Traits for wrapping up signed and/or time-bound objects

Overview

Frequently (for testing reasons or otherwise), we want to ensure that an object can only be used if a signature is valid, or if some timestamp is recent enough.

As an example, consider a self-signed certificate. You can parse it cheaply enough (and find its key by doing so), but you probably want to make sure that nobody will use that certificate unless its signature is correct and its timestamps are not expired.

With the tor-checkable crate, you can instead return an object that represents the certificate in its unchecked state. The caller can access the certificate, but only after checking the signature and the time.

This crate is part of Arti, a project to implement Tor in Rust. Many other crates in Arti depend on it, but it should be generally useful outside of Arti.

Design notes and alternatives

The types in this crate provide functions to return the underlying objects without checking them. This is very convenient for testing, though you wouldn't want to do it in production code. To prevent mistakes, these functions all begin with the word dangerously.

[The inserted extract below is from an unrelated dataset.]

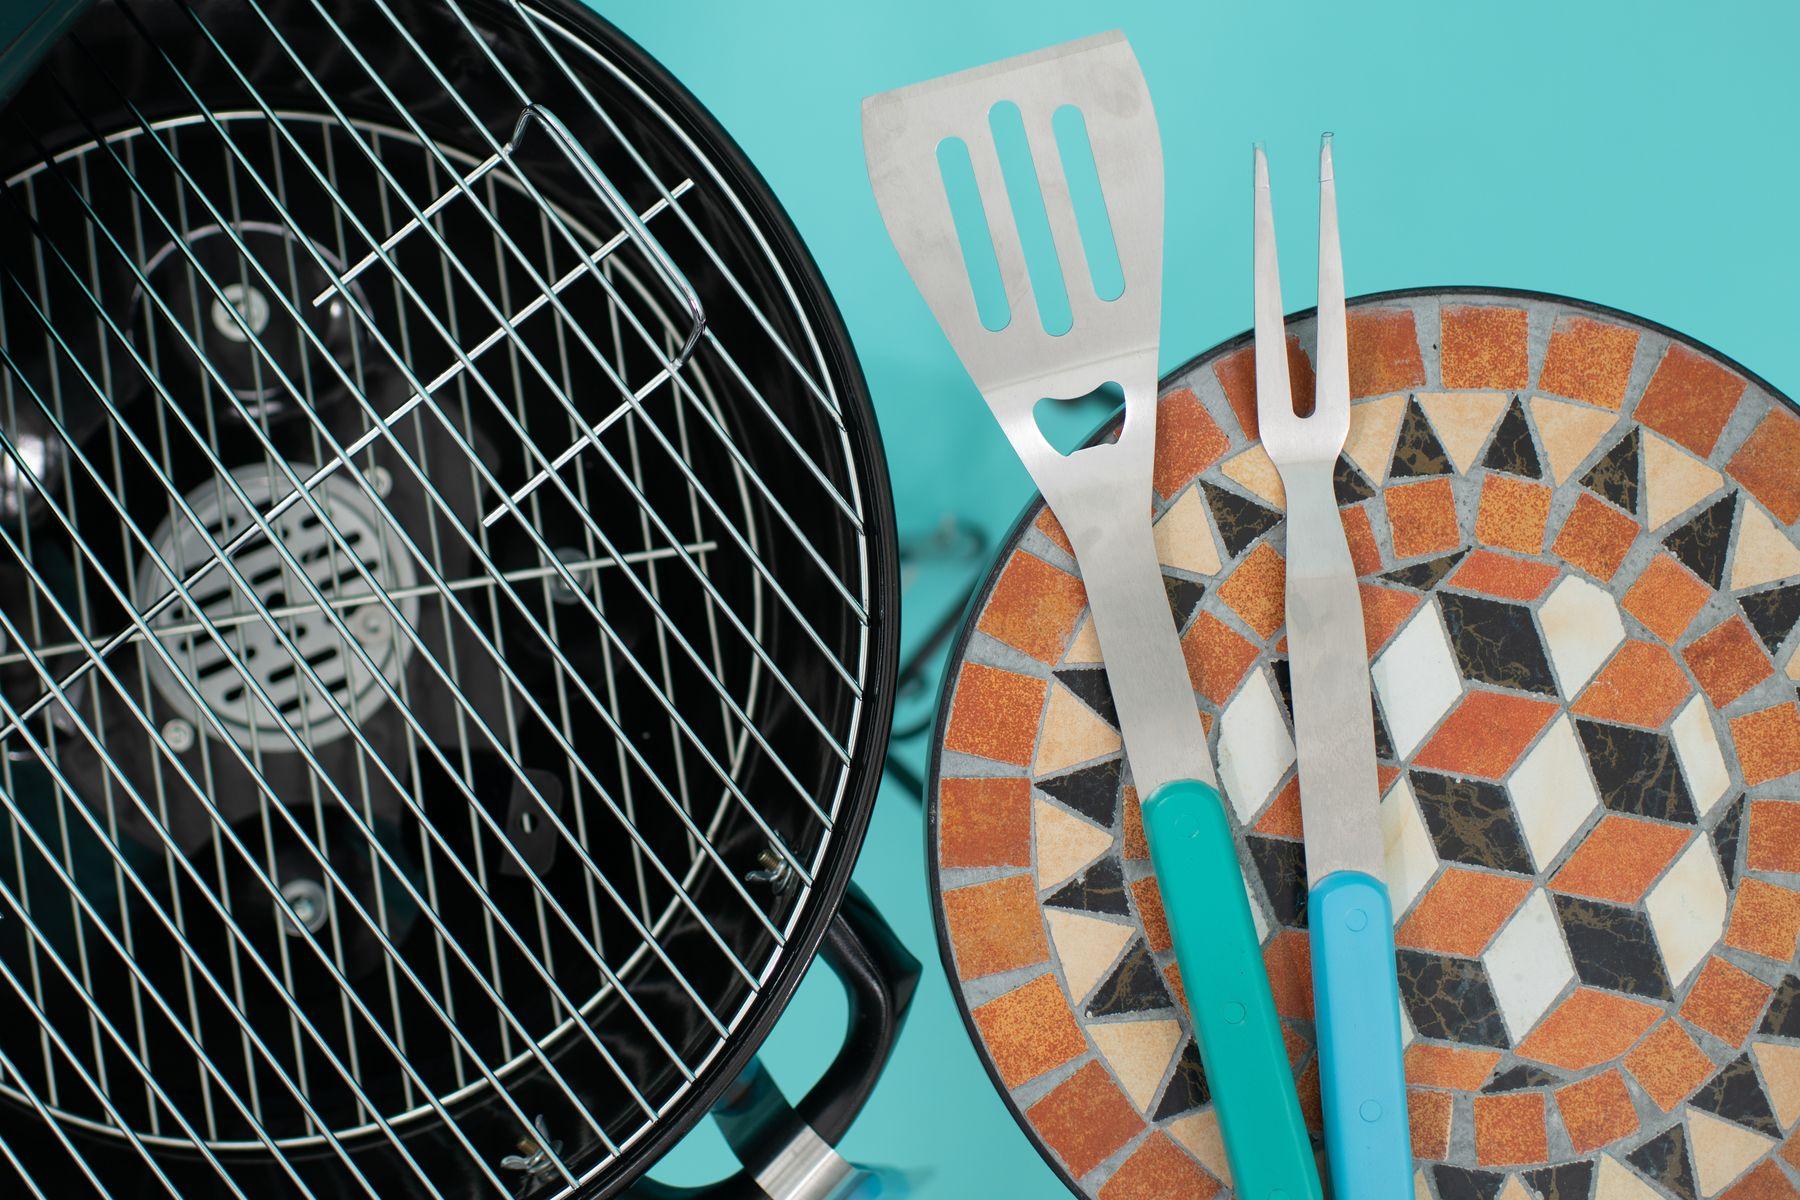 como limpar grelha de churrasqueira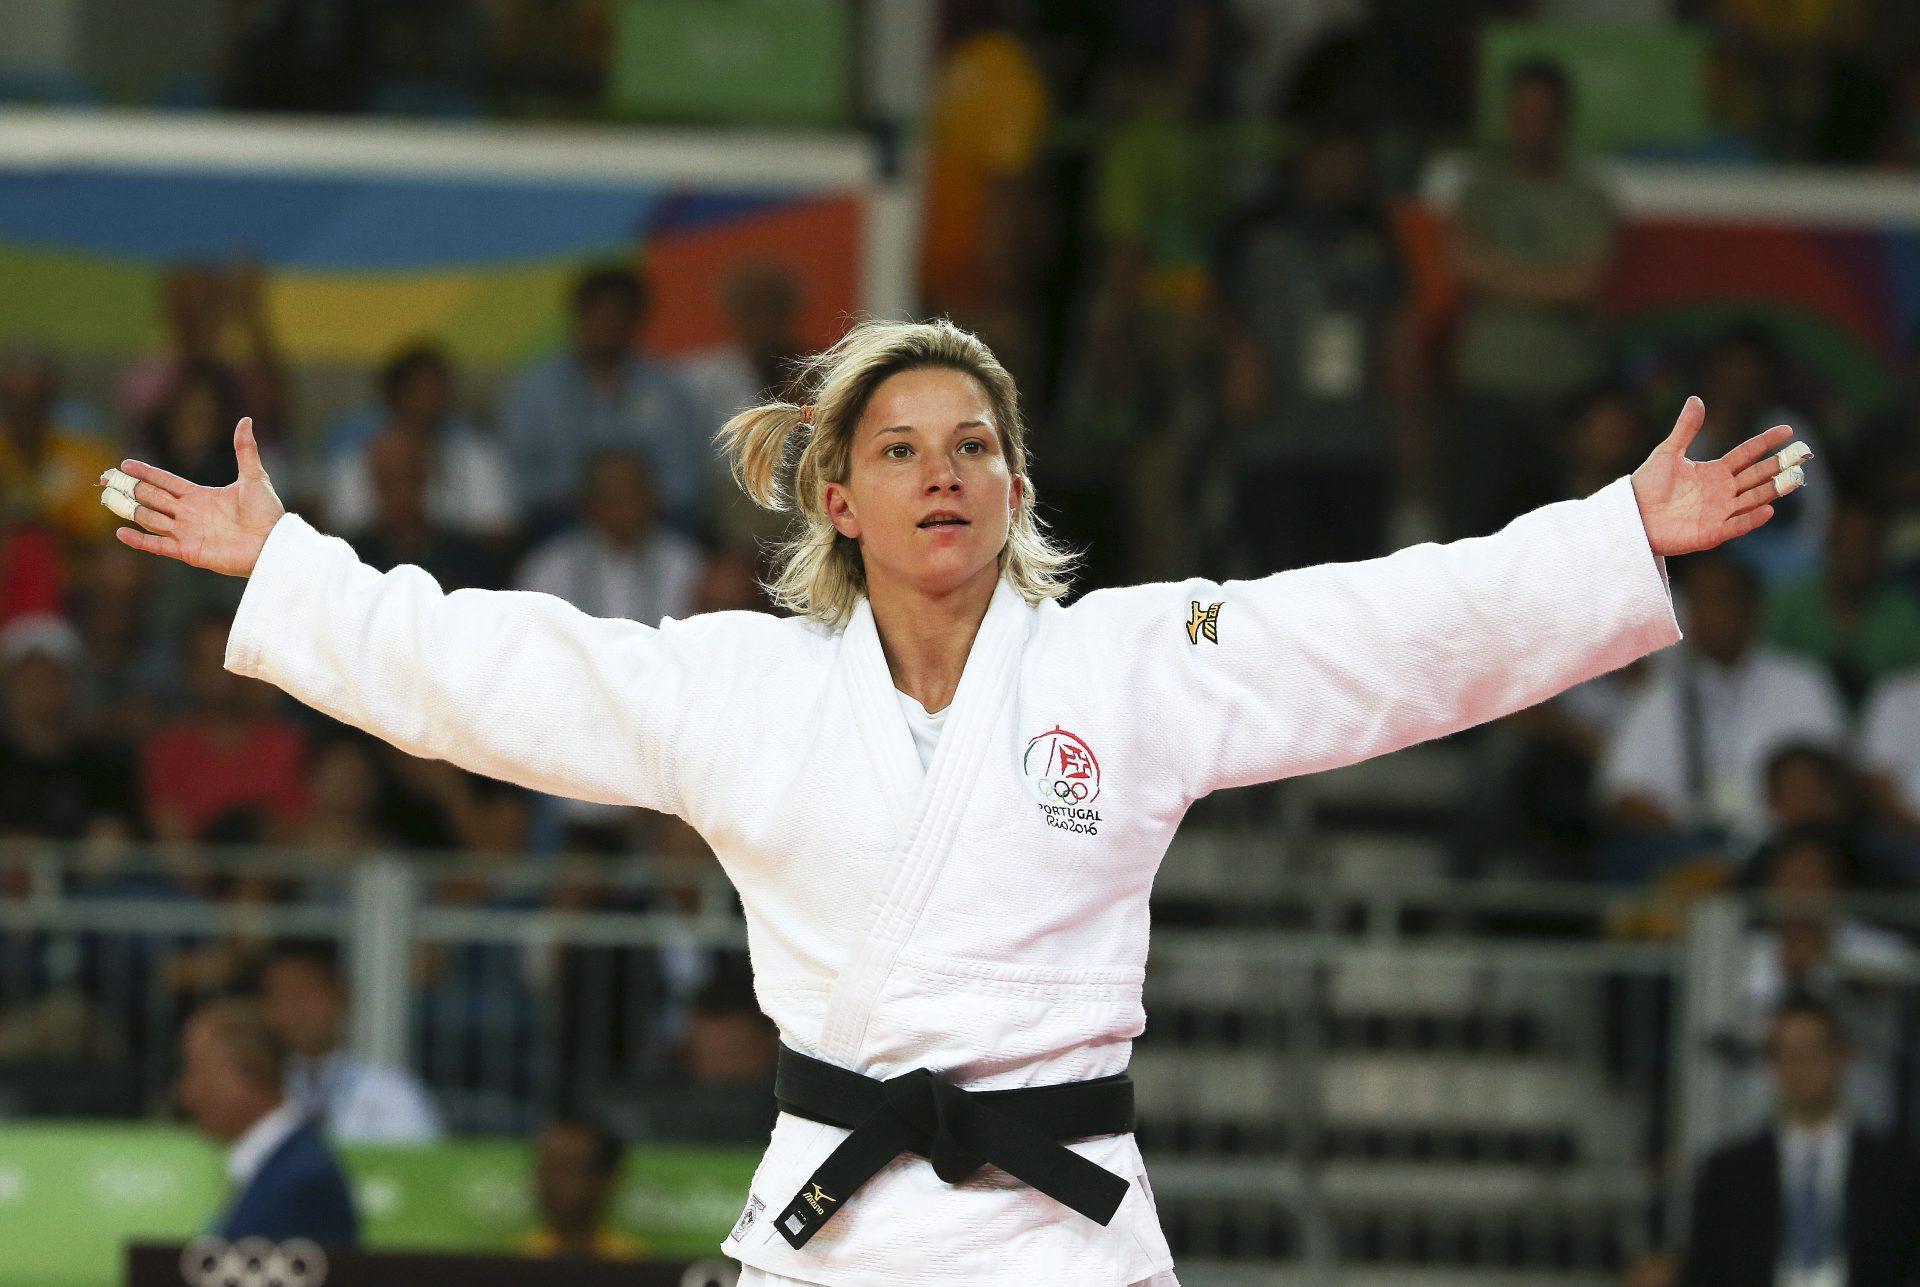 O grande dia olímpico de Telma Monteiro

Another approach you might take is to put signature and timeliness checks inside your parsing function. But if you do that, it will get hard to test your code: you will only be able to parse certificates that are valid when the parser is running. And if you want to test parsing a new kind of certificate, you'll need to make sure to put a valid signature on it. (And all of this signature parsing will slow down any attempts to fuzz your parser.)

You could have your parser take a flag to tell it whether to check signatures and timeliness, but that could be error prone: if anybody sets the flag wrong, they will skip doing the checks.